[Python-3000] Unicode identifiers (Was: sets in P3K?)

Sat Apr 29 05:07:29 CEST 2006

Guido van Rossum wrote:
>> The distinction of letters and digits is also straight-forward:
>> a digit is ASCII [0-9]; it's a separate lexical class only
>> because it plays a special role in (number) literals. More
>> generally, there is the distinction of starter and non-starter
>> characters.
> 
> But Unicode has many alternative sets digits for which "isdigit" is true.

You mean, the Python isdigit() method? Sure, but the tokenizer uses
the C isdigit function, which gives true only for [0-9]. FWIW, POSIX
allows 6 alternative characters to be defined as hexdigits for
isxdigit, so the tokenizer shouldn't really use isxdigit for
hexadecimal literals.

So from the implementation point of view, nothing much would have
to change: the usage of isalnum in the tokenizer is already wrong,
as it already allows to put non-ASCII characters into identifiers,
if the locale classifies them as alpha-numeric.

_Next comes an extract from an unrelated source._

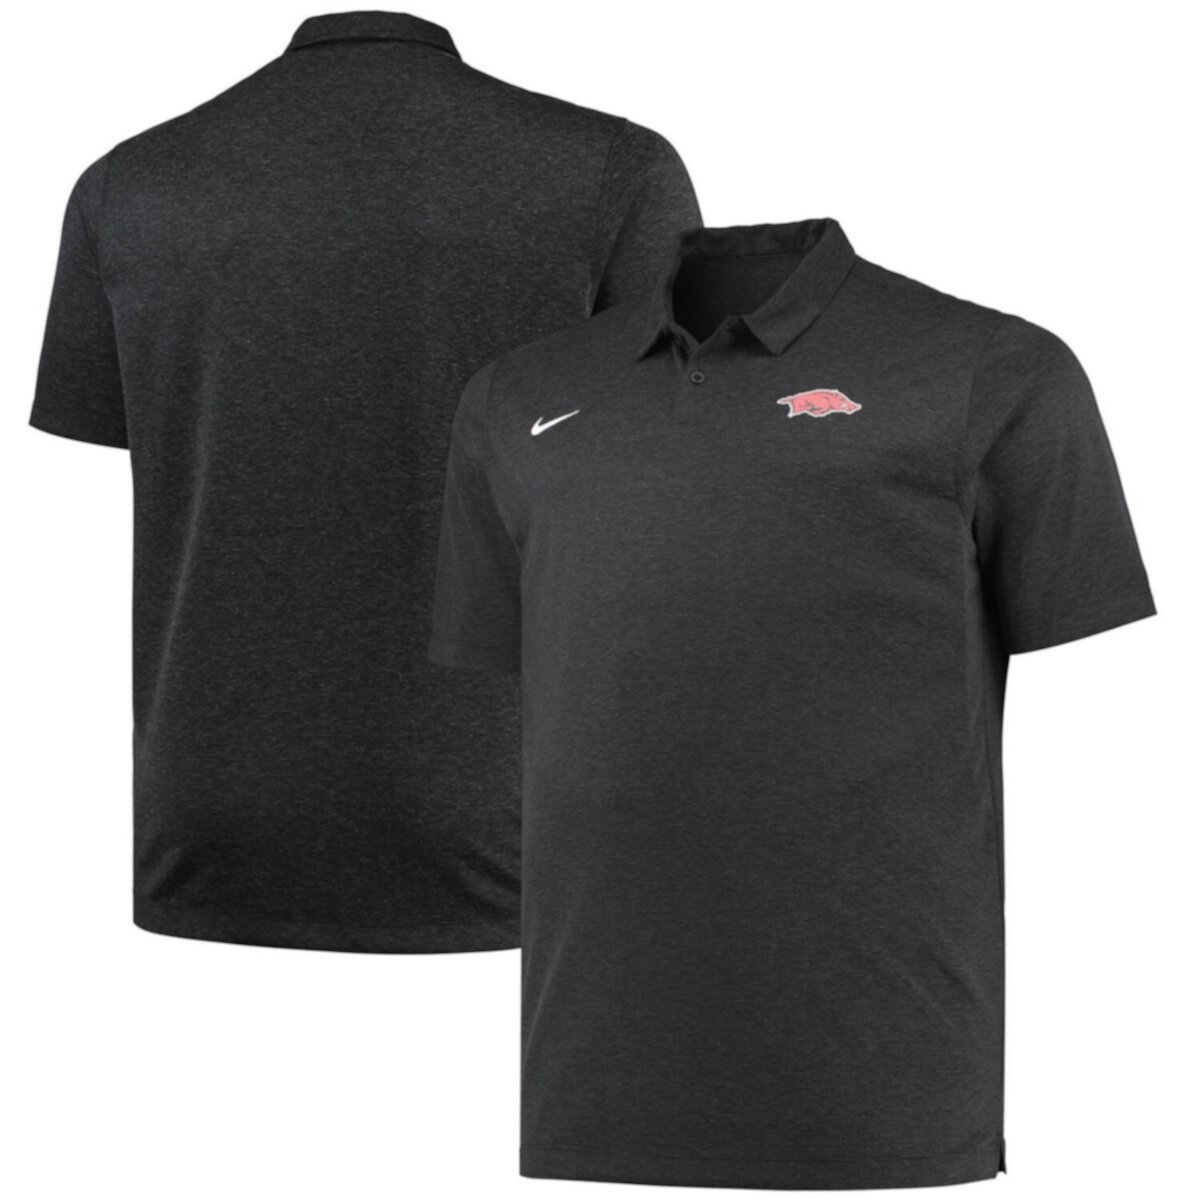 Мужская черная футболка-поло для высоких и больших выступлений Nike Arkansas Razorbacks черного цвета с обсыпкой Nitro USA

I can't see why the Unicode notion of digits should affect the
language specification in any way. The notion of digit is only
used to define what number literals are, and I don't propose
to change the lexical rules for number literals - I propose
to change the rules for identifiers.

> You can as far a the lexer is concerned because the lexer treats
> keywords as "just" identifiers. Only the parser knows which ones are
> really keywords.

Right. But if the identifier syntax was
[:identifier_start:][:identifier_cont:]*
then thinks would work out just fine: identifier_start intersected
with ASCII would be [A-Za-z_], and identifier_cont intersected
with ASCII would be [A-Za-z0-9_]; this would include all keywords.
You would still need punctuation between two subsequent
"identifiers", and that punctuation would have to be ASCII, as
non-ASCII characters would be restricted to comments, string
literals, and identifiers.

Regards,
Martin